In some examples, one or more of the sensors may form part of the respective circuitry of the joint assembly. For example, the circuitry of the joint assembly may comprise one or more of the sensors. For example, the one more sensors may be provided as components on a PCB, which may be the same PCB also comprising one or more of the processing units. For example, the first circuitry may comprise the first primary sensor and/or the first secondary sensor and/or the second primary sensor and/or the second secondary sensor. The second circuitry may comprise the third primary sensor and/or the third secondary sensor and/or the fourth primary sensor and/or the fourth secondary sensor. The third circuitry may comprise the fifth primary sensor and/or the fifth secondary sensor and/or the sixth primary sensor and/or the sixth secondary sensor. The fourth circuitry may comprise the seventh primary sensor and/or the seventh secondary sensor. Providing sensors as part of the circuitry, such as a PCB, may be particularly practical for sensors sensing electrical parameters, such as current sensors. However, other sensors may also benefit from forming part of the circuitry.
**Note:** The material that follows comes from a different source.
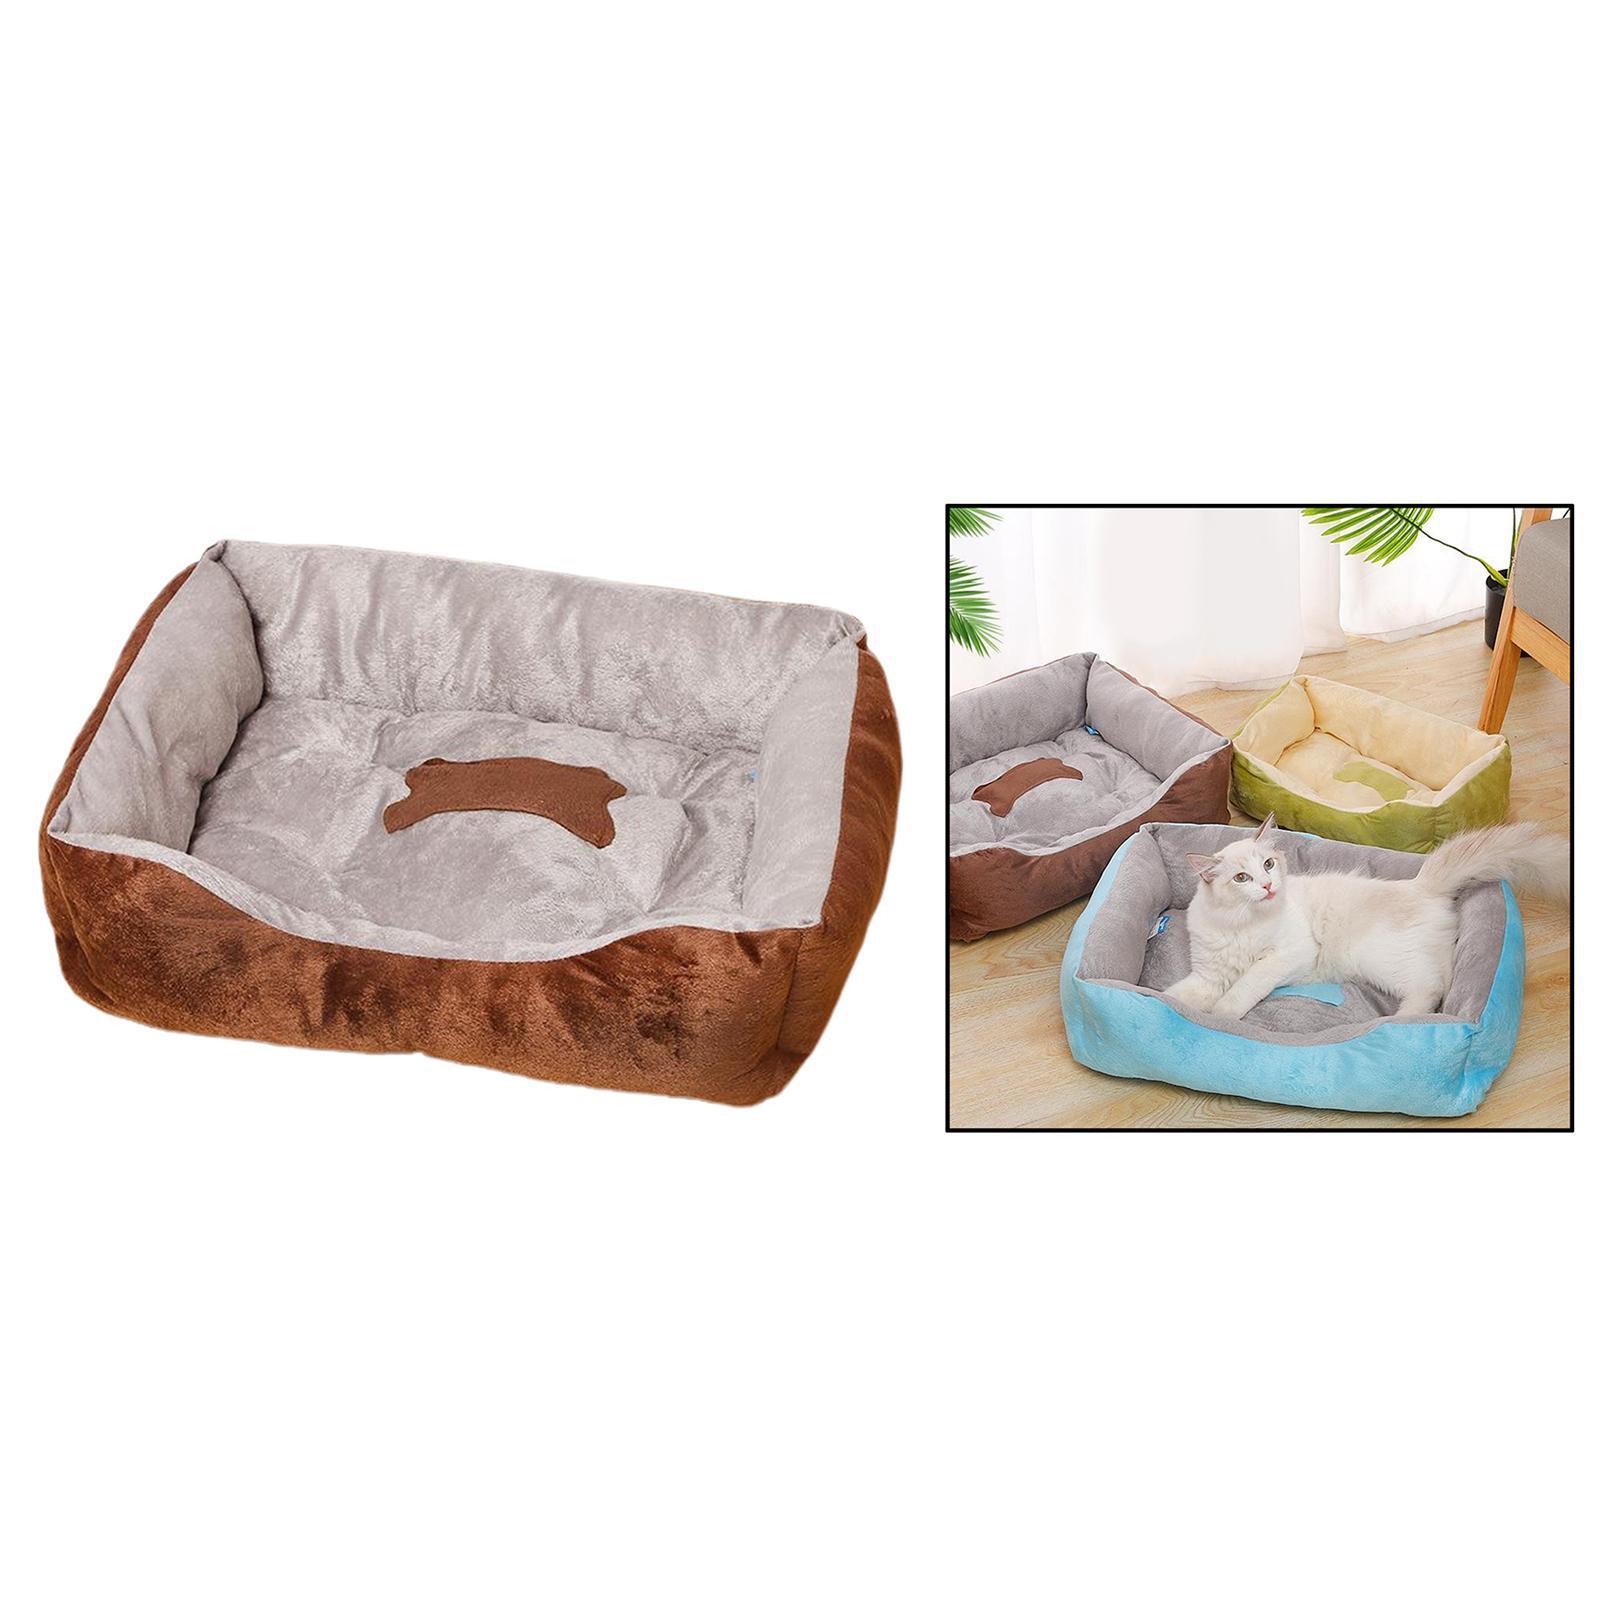 Indexbild 42 - Katze-Hund-Bett-Pet-Kissen-Betten-Haus-Schlaf-Soft-Warmen-Zwinger-Decke-Nest
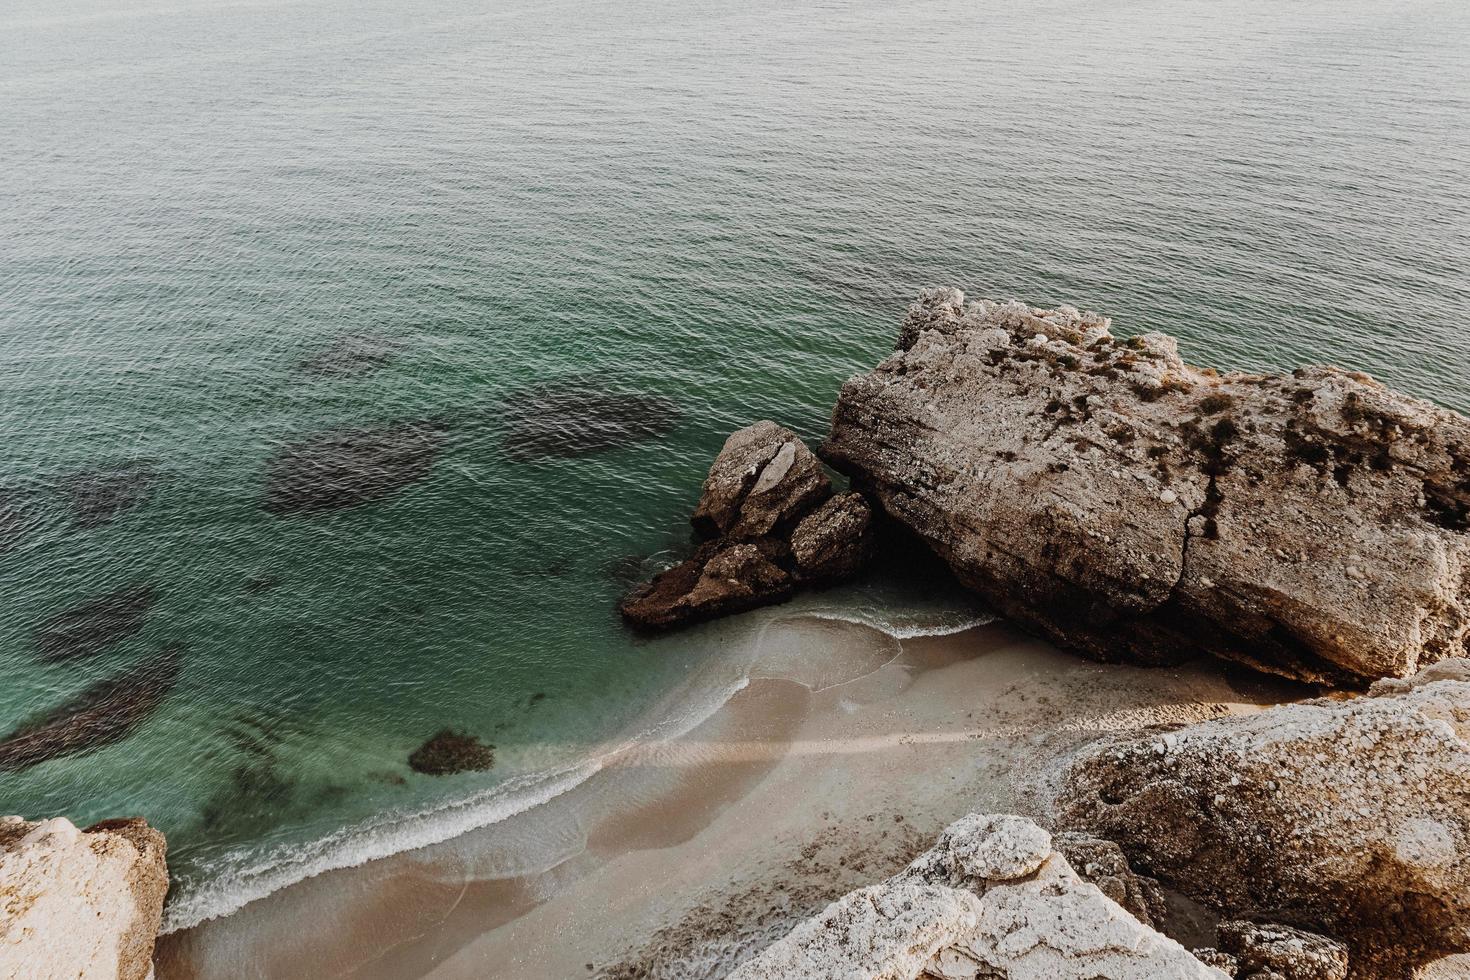 formazione rocciosa sulla costa dell'oceano foto

The first processing unit may receive, e.g. from the first primary sensor and/or the first secondary sensor, a first primary sensor signal indicative of the first motion characteristic. The first processing unit may calculate the first motion characteristic at least based on the first primary sensor signal. The second processing unit may receive, e.g. from the first primary sensor and/or from the first secondary sensor, a first secondary sensor signal indicative of the first motion characteristic. The second processing unit may calculate the first motion characteristic at least based on the first secondary sensor signal. The first processing unit may receive, e.g. from the second primary sensor and/or the second secondary sensor, a second primary sensor signal indicative of the second motion characteristic. The first processing unit may calculate the second motion characteristic at least based on the second primary sensor signal. The second processing unit may receive, e.g. from the second primary sensor and/or the second secondary sensor, a second secondary sensor signal indicative of the second motion characteristic. The second processing unit may calculate the second motion characteristic at least based on the first secondary sensor signal.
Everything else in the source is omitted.